Whether at the Flats or its slightly less scuffed-up home on Beach Street, live music has been an undeniable thread in Shorty’s history. This legacy dates back to Mack, who played fiddle in its cramped confines. Those performances paved the way for some of the state’s biggest musical acts, including Willie Nelson, Gary P. Nunn, Patsy Jones, Larry Joe Taylor, and country rock vocalist J.W. George of Bandera, Mack’s great-grandson.

An old fashioned photo of two people standing in a bar

Gladys “Shorty” Fowler and husband Mack. Photo courtesy Jimmy Gates

A woman wearing a blue shirt smiles next to a bar tip jar

The bar’s outside service window

Two men sit on a wooden bench reading newspapers

Regulars take a load off

Although the new Shorty’s location is the latest addition to a two-block entertainment and dining district on Beach Street, Myers continues a weekend rotation of live rock, country, and blues music.

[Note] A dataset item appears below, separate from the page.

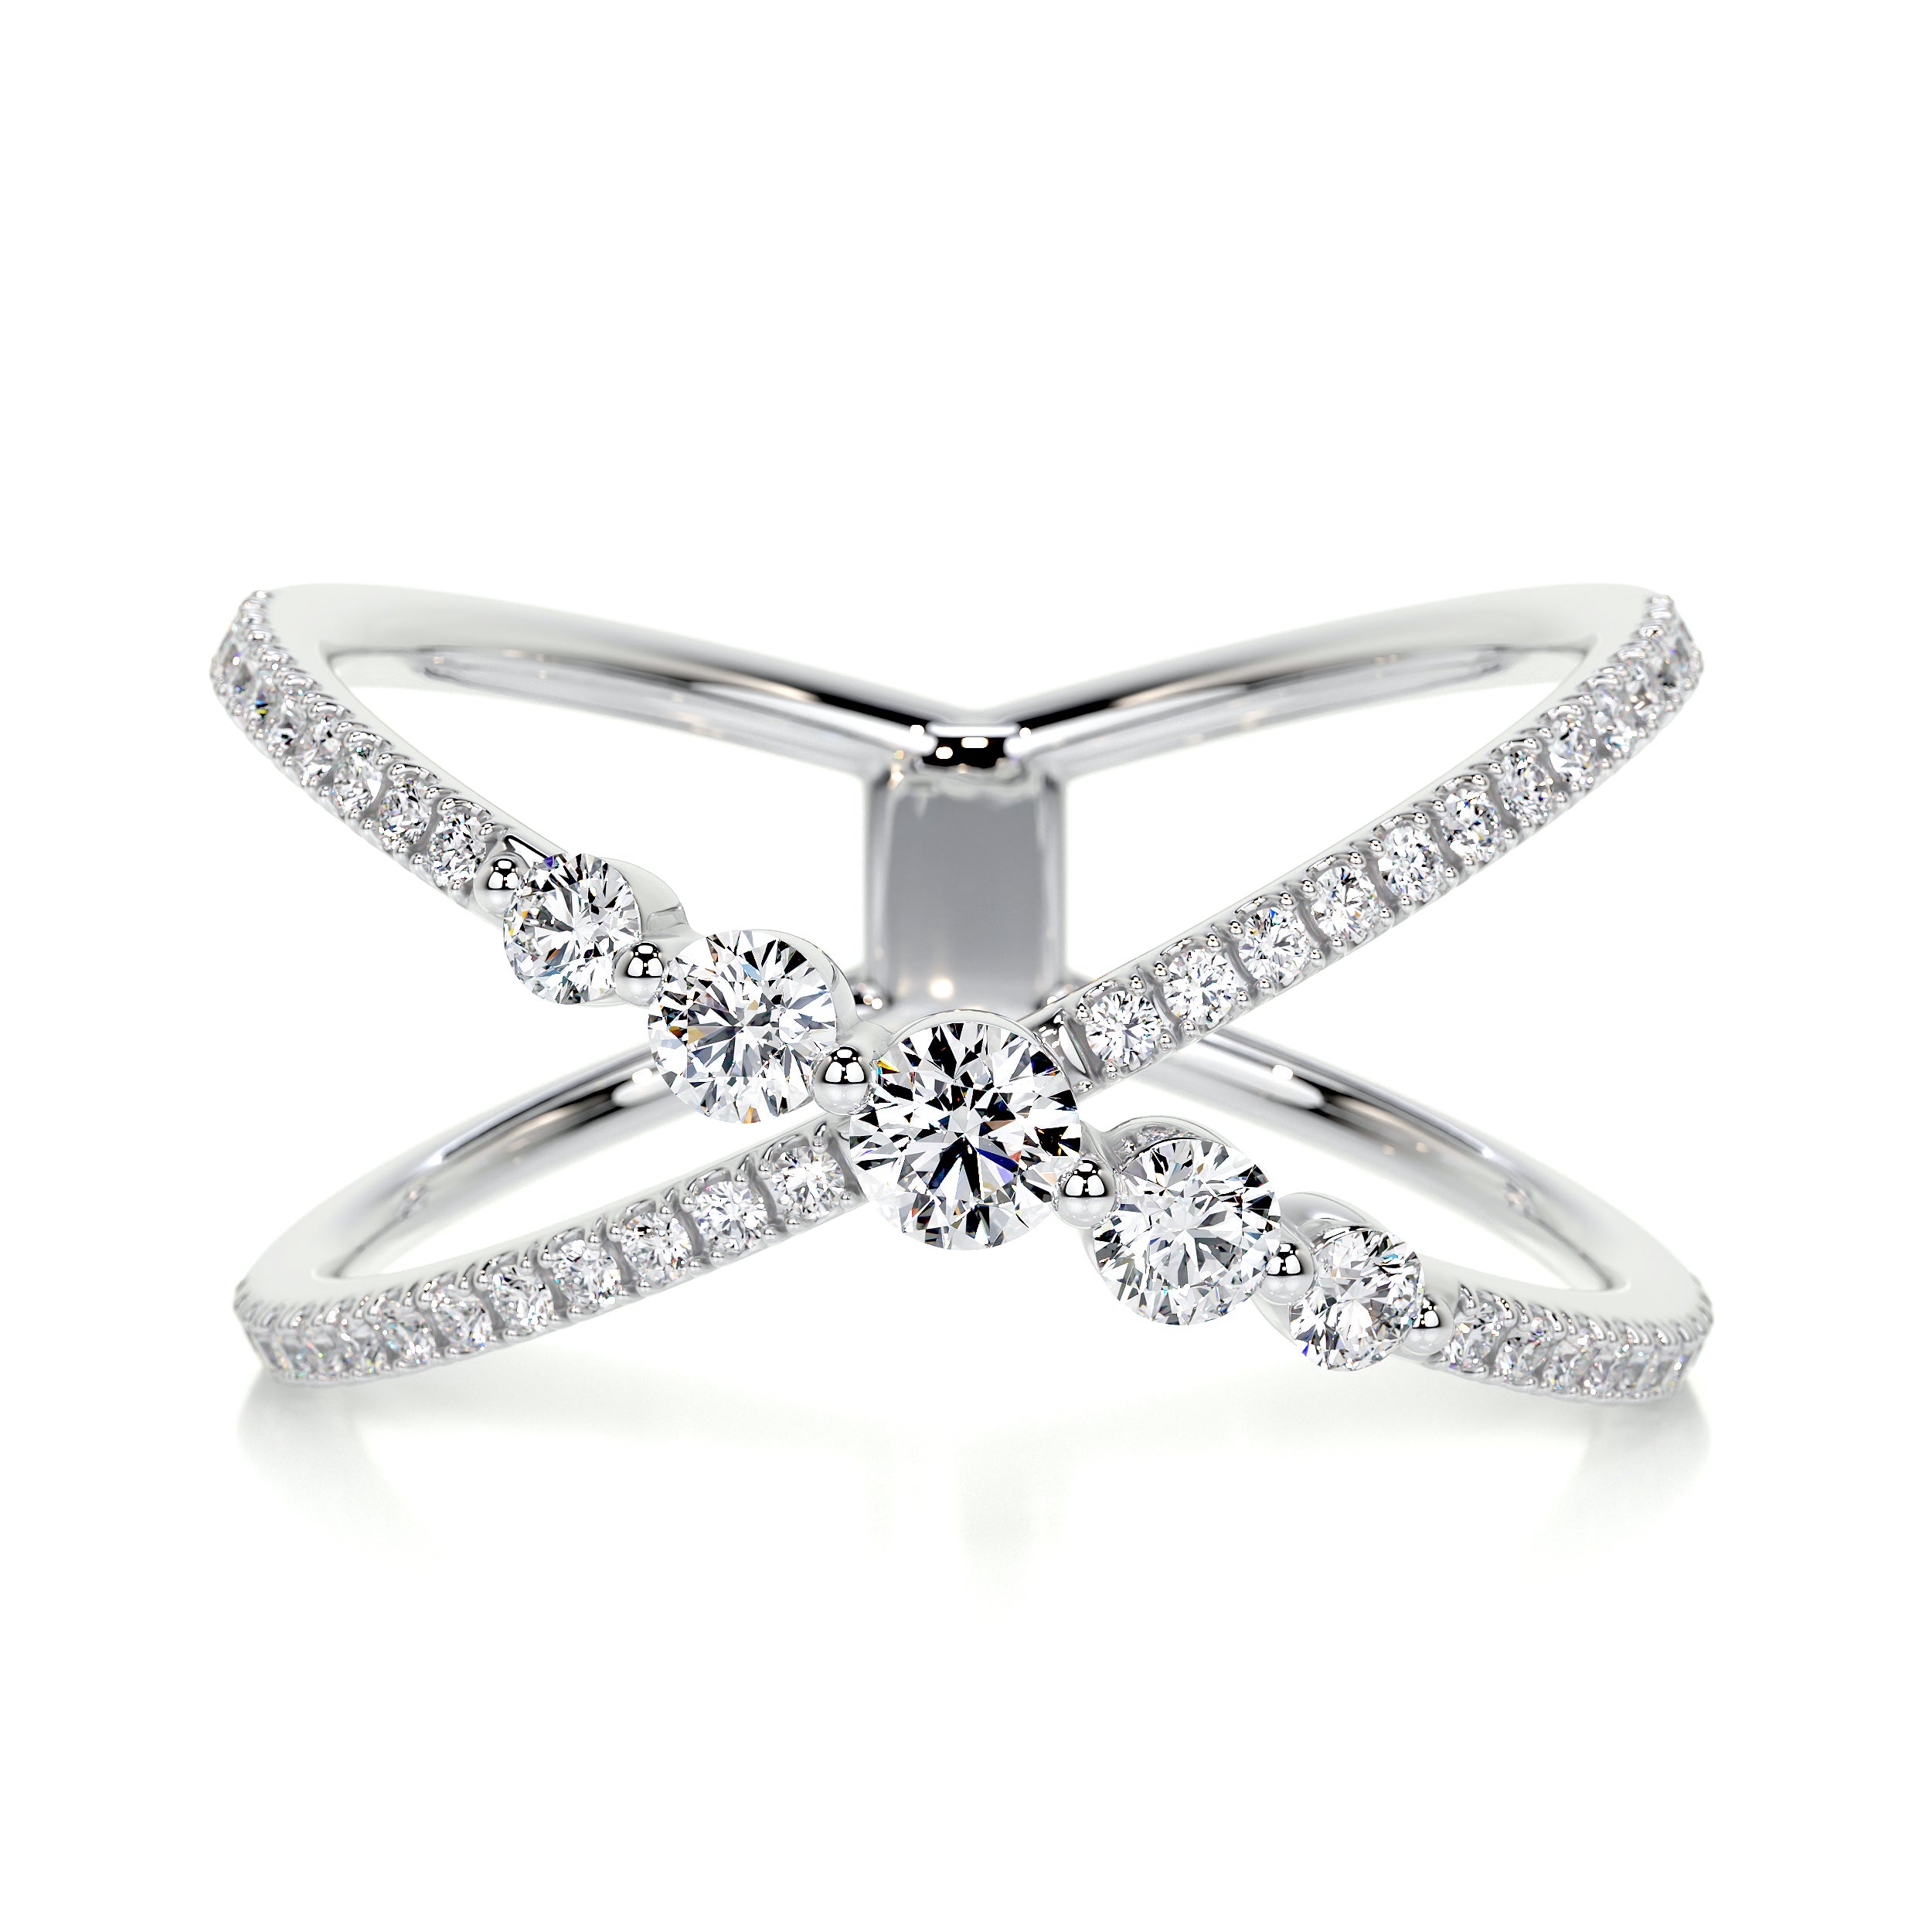 Iris Fashion Diamond Ring   (0.42 Carat) -18K White Gold

There is no cover charge and food is still free on Sundays—typically jambalaya, tamales, and chili dogs provided by the owner. That kind of seamless transition is tangibly epitomized in the bar, which was split in half during the move. One would never notice though after Jordan used a closely matched wood grain laminate and pressure-treated pine to replicate the original.

“Going to Shorty’s always had the feeling of coming home, knowing you’re in a good place. I didn’t know if that feeling could be recreated in another location, but walking inside the night of the reopening was like witnessing a magic trick,” says Andrea Shaw, Jordan’s partner and the regular caterer behind the bar’s traditional Pig Party. “It was exactly the same as always. The only difference is now you watch the sunset from the front porch and the hats on the ceiling are clean.”